§ SUPPLIED DATA:

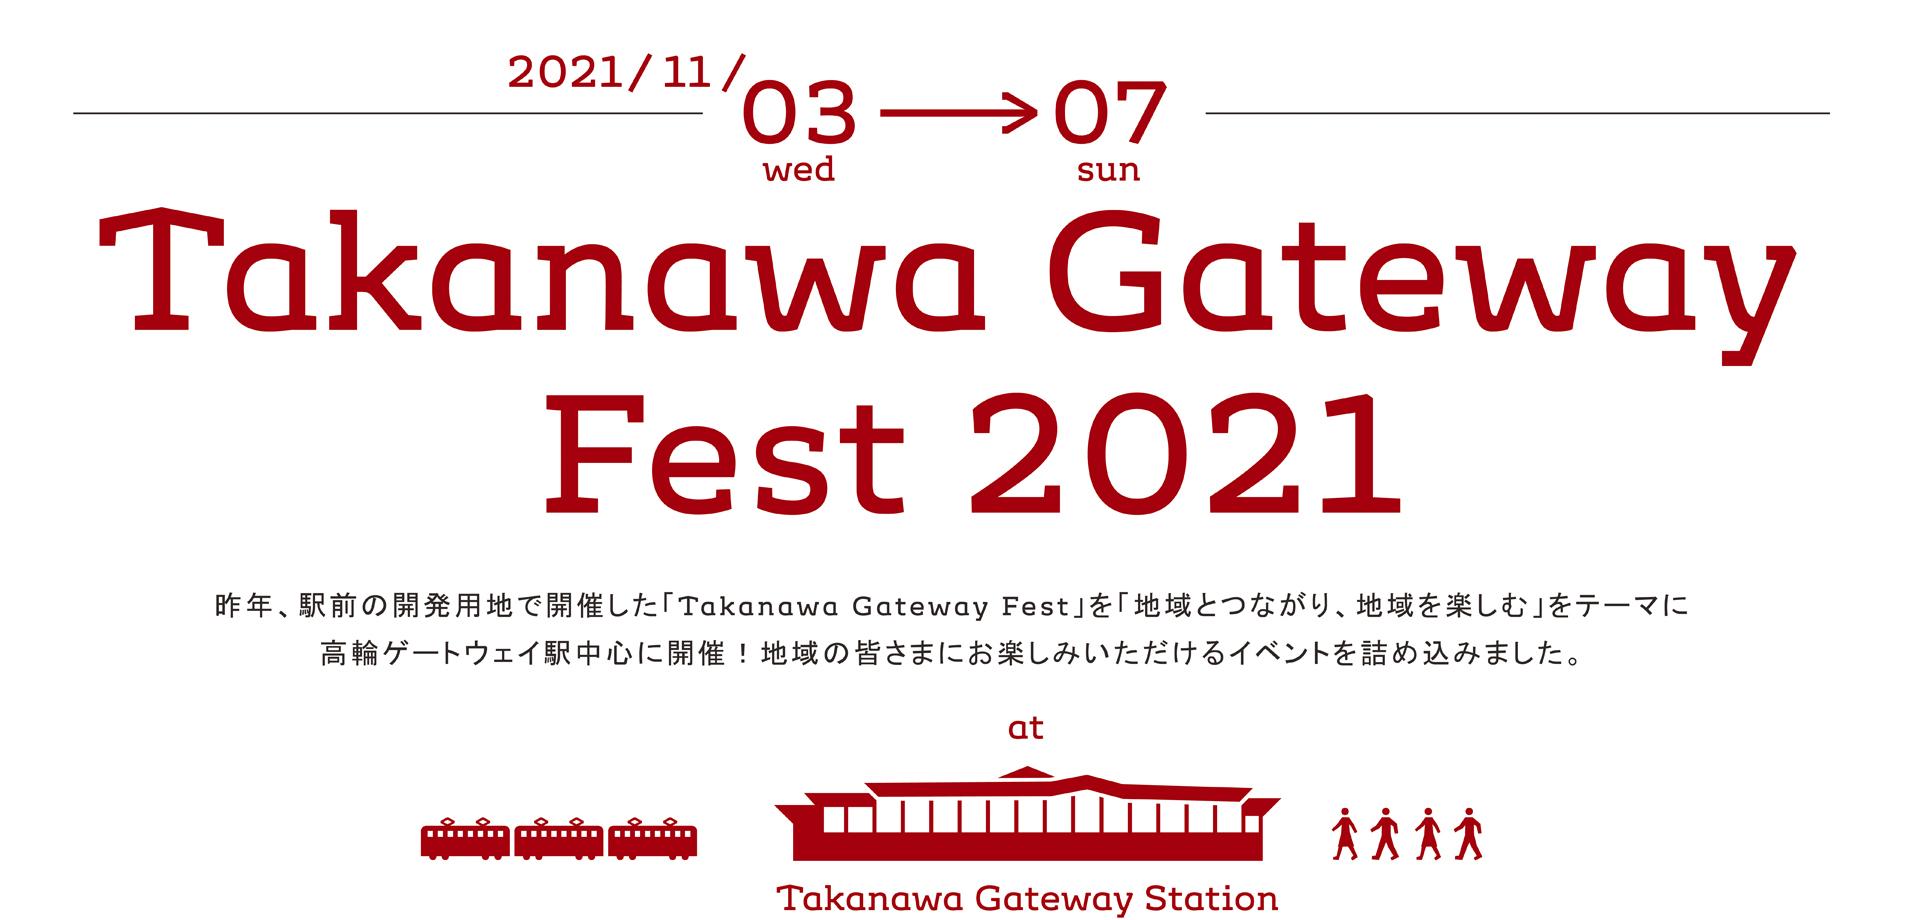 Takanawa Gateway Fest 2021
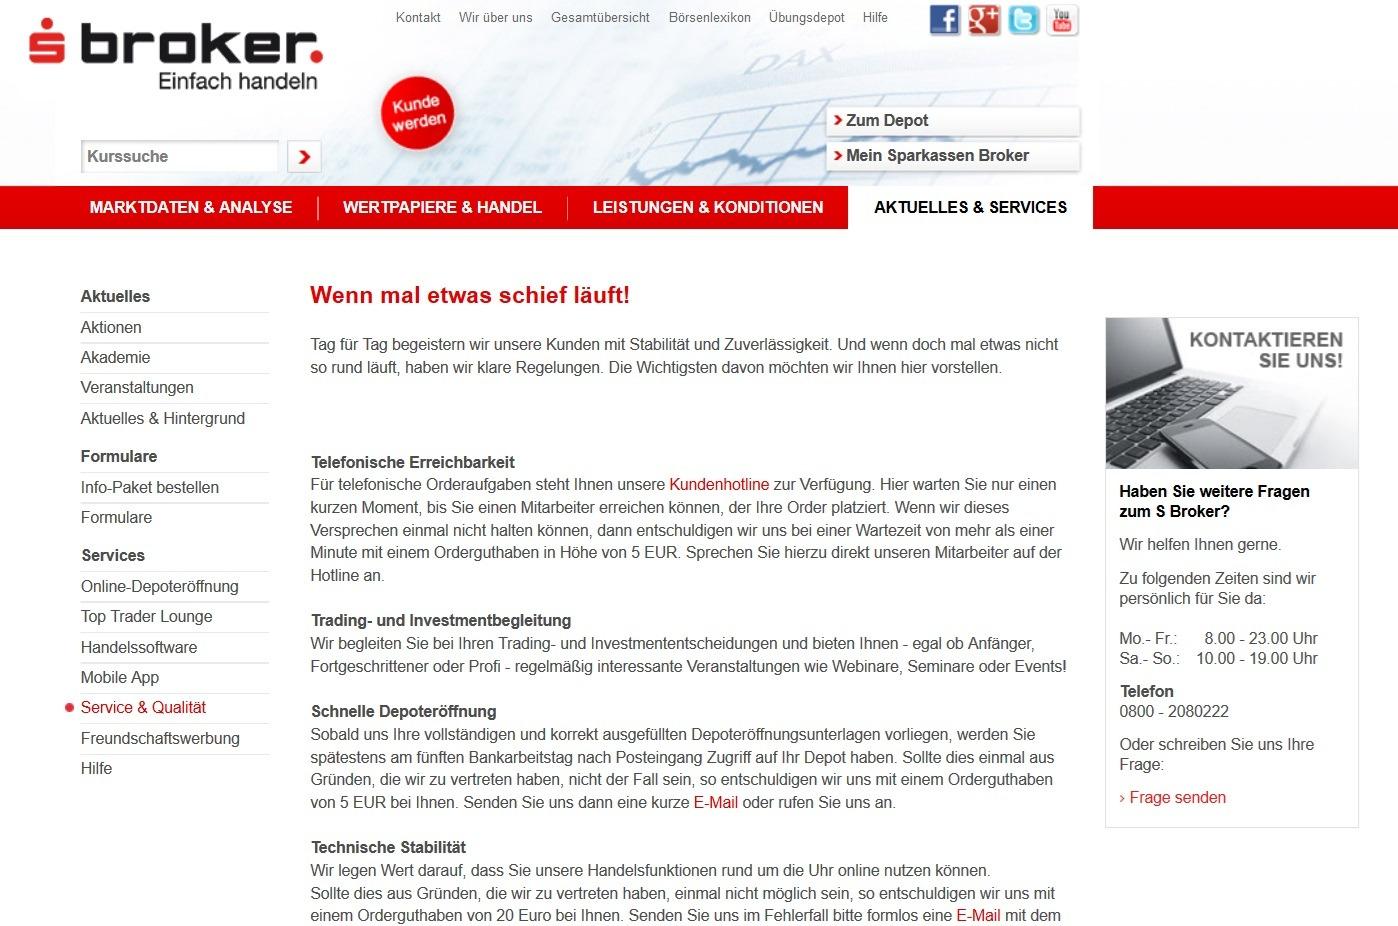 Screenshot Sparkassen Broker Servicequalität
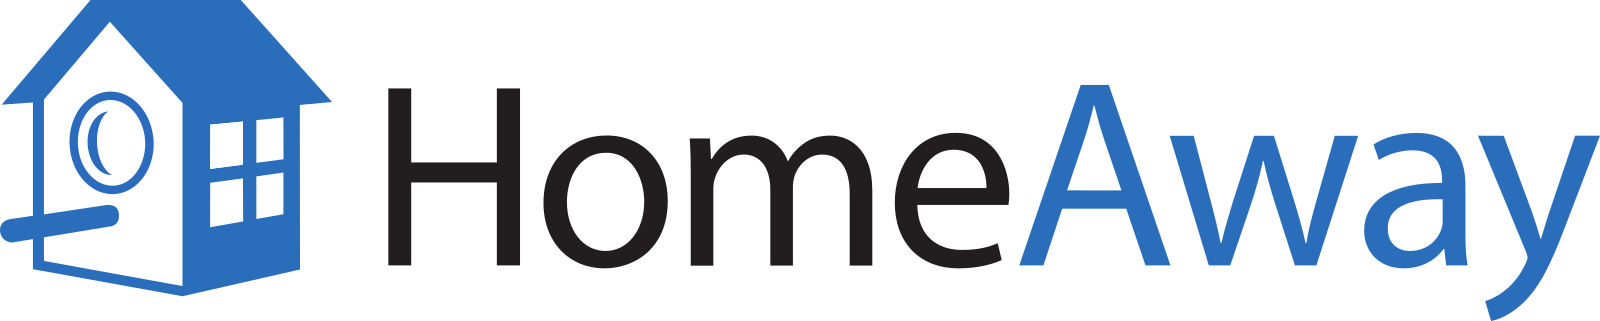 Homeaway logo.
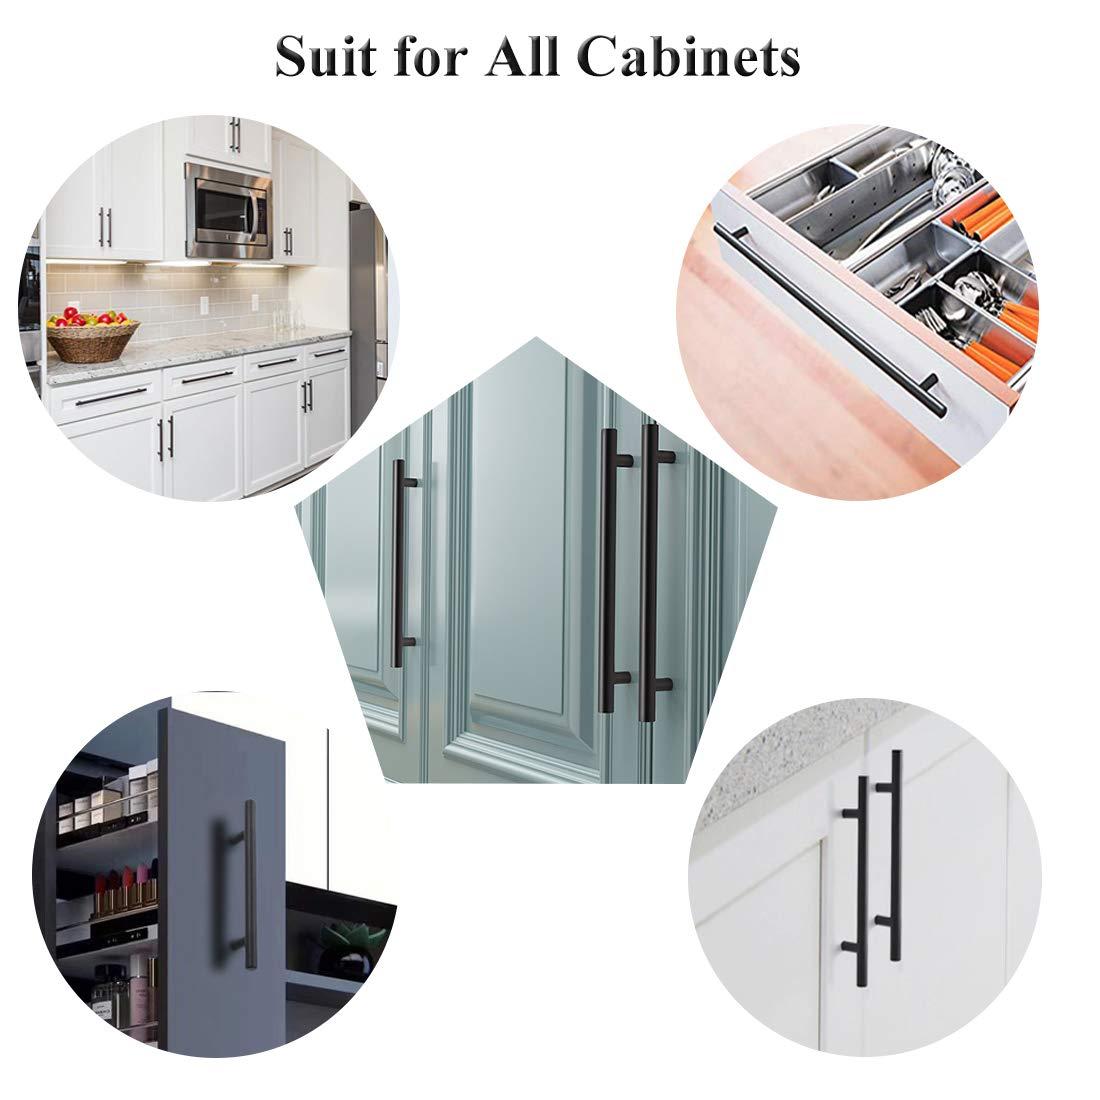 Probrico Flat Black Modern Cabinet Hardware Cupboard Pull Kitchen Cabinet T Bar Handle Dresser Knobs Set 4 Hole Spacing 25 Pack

§ GOAL OF THE EXERCISE: Print every line above exactly as given, but not the pictures.

§ ANSWER TO THE PROBLEM:
 Takanawa Gateway Fest 2021
 Screenshot Sparkassen Broker Servicequalität
 Homeaway logo.
 Probrico Flat Black Modern Cabinet Hardware Cupboard Pull Kitchen Cabinet T Bar Handle Dresser Knobs Set 4 Hole Spacing 25 Pack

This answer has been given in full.